Decentralized RLS with Data-Adaptive Censoring for Regressions over Large-Scale Networks

Decentralized RLS with Data-Adaptive Censoring for Regressions over Large-Scale Networks

Abstract

The deluge of networked data motivates the development of algorithms for computation- and communication-efficient information processing. In this context, three data-adaptive censoring strategies are introduced to considerably reduce the computation and communication overhead of decentralized recursive least-squares (D-RLS) solvers. The first relies on alternating minimization and the stochastic Newton iteration to minimize a network-wide cost, which discards observations with small innovations. In the resultant algorithm, each node performs local data-adaptive censoring to reduce computations, while exchanging its local estimate with neighbors so as to consent on a network-wide solution. The communication cost is further reduced by the second strategy, which prevents a node from transmitting its local estimate to neighbors when the innovation it induces to incoming data is minimal. In the third strategy, not only transmitting, but also receiving estimates from neighbors is prohibited when data-adaptive censoring is in effect. For all strategies, a simple criterion is provided for selecting the threshold of innovation to reach a prescribed average data reduction. The novel censoring-based (C)D-RLS algorithms are proved convergent to the optimal argument in the mean-root deviation sense. Numerical experiments validate the effectiveness of the proposed algorithms in reducing computation and communication overhead.

{IEEEkeywords}

Decentralized estimation, networks, recursive least-squares (RLS), data-adaptive censoring

1 Introduction

In our big data era, various networks generate massive amounts of streaming data. Examples include wireless sensor networks, where a large number of inexpensive sensors cooperate to monitor, e.g. the environment [21, 22], or data centers, where a group of servers collaboratively handles dynamic user requests [24]. Since a single node has limited computational resources, decentralized information processing is preferable as the network size scales up [7, 9]. In this paper, we focus on a decentralized linear regression setup, and develop computation- and communication-efficient decentralized recursive least-squares (D-RLS) algorithms.

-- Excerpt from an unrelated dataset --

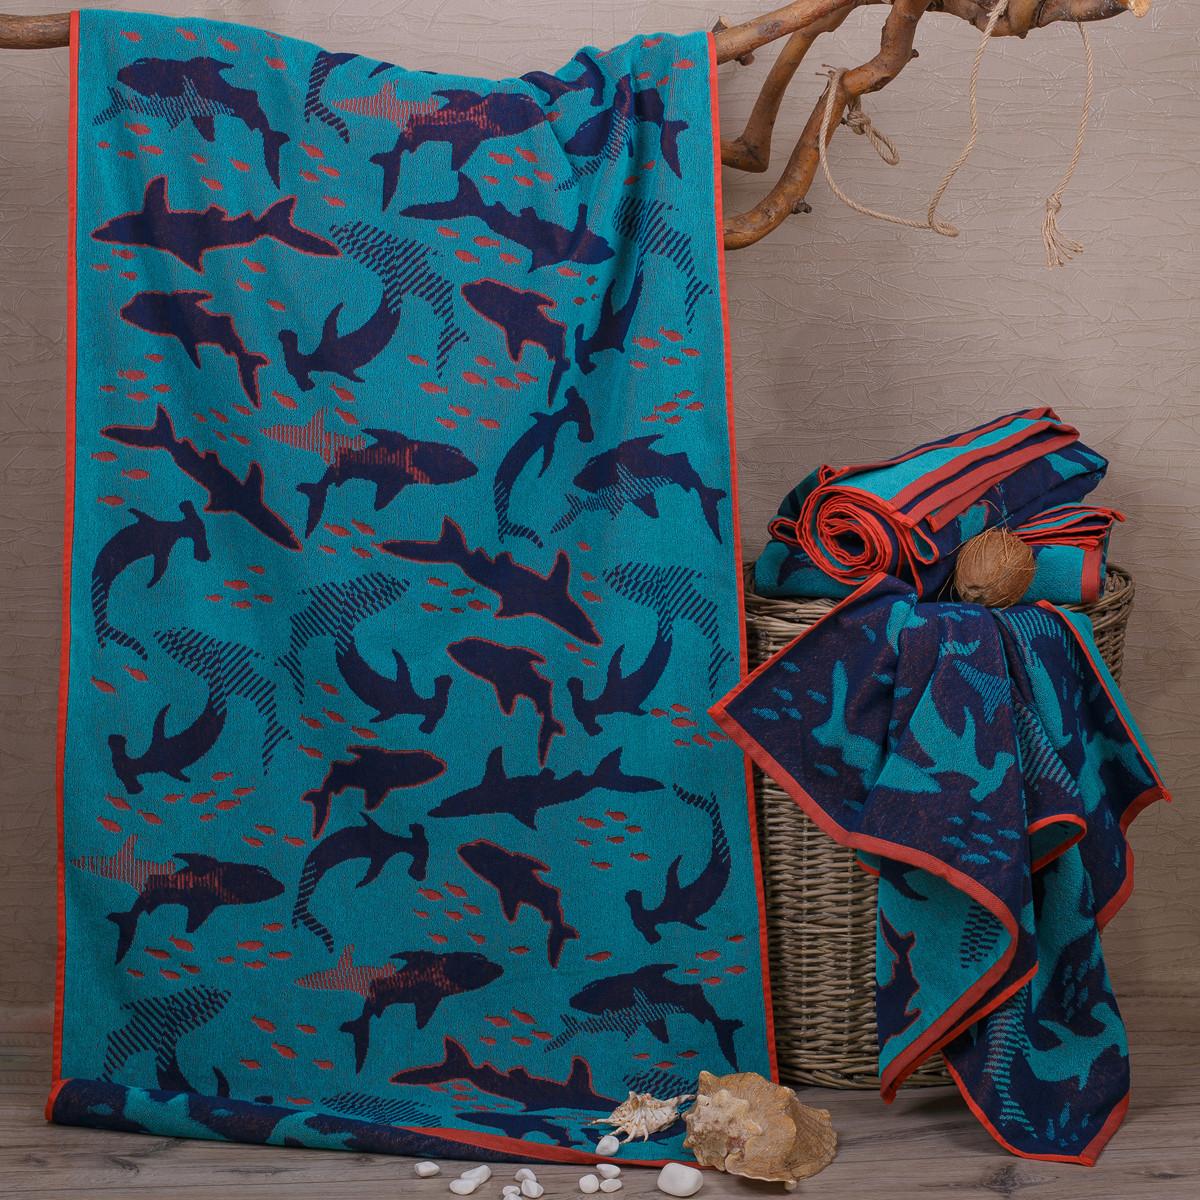 Полотенце махровое ТМ Речицкий текстиль, Ныряй к нам 81х160 см

The main tool we adopt to reduce computation and communication costs is data-adaptive censoring, which leverages the redundancy present especially in big data. Upon receiving an observation, nodes determine whether it is informative or not. Less informative observations are discarded, while messages among neighboring nodes are exchanged only when necessary. We propose three censoring-based (C)D-RLS algorithms that can achieve estimation accuracy comparable to D-RLS without censoring, while significantly reducing the computation and communication overhead.

1.1 Related works

The merits of RLS algorithms in solving centralized linear regression problems are well recognized [12, 25]. When streaming observations that depend linearly on a set of unknown parameters become available, RLS yields the least-squares parameter estimates online. RLS reduces the computational burden of finding a batch estimate per iteration, and can even allow for tracking time-varying parameters. The computational cost can be further reduced by data-adaptive censoring [4], where less informative data are discarded. On the other hand, decentralized versions of RLS without censoring have been advocated to solve linear regression tasks over networks [16]. In D-RLS, a node updates its estimate that is common to the entire network by fusing its local observations with the local estimates of its neighbors. As time evolves, all local estimates consent on the centralized RLS solution. This paper builds on both [4] and [16] by developing censoring-based decentralized RLS algorithms, thus catering to efficient online linear regression over large-scale networks.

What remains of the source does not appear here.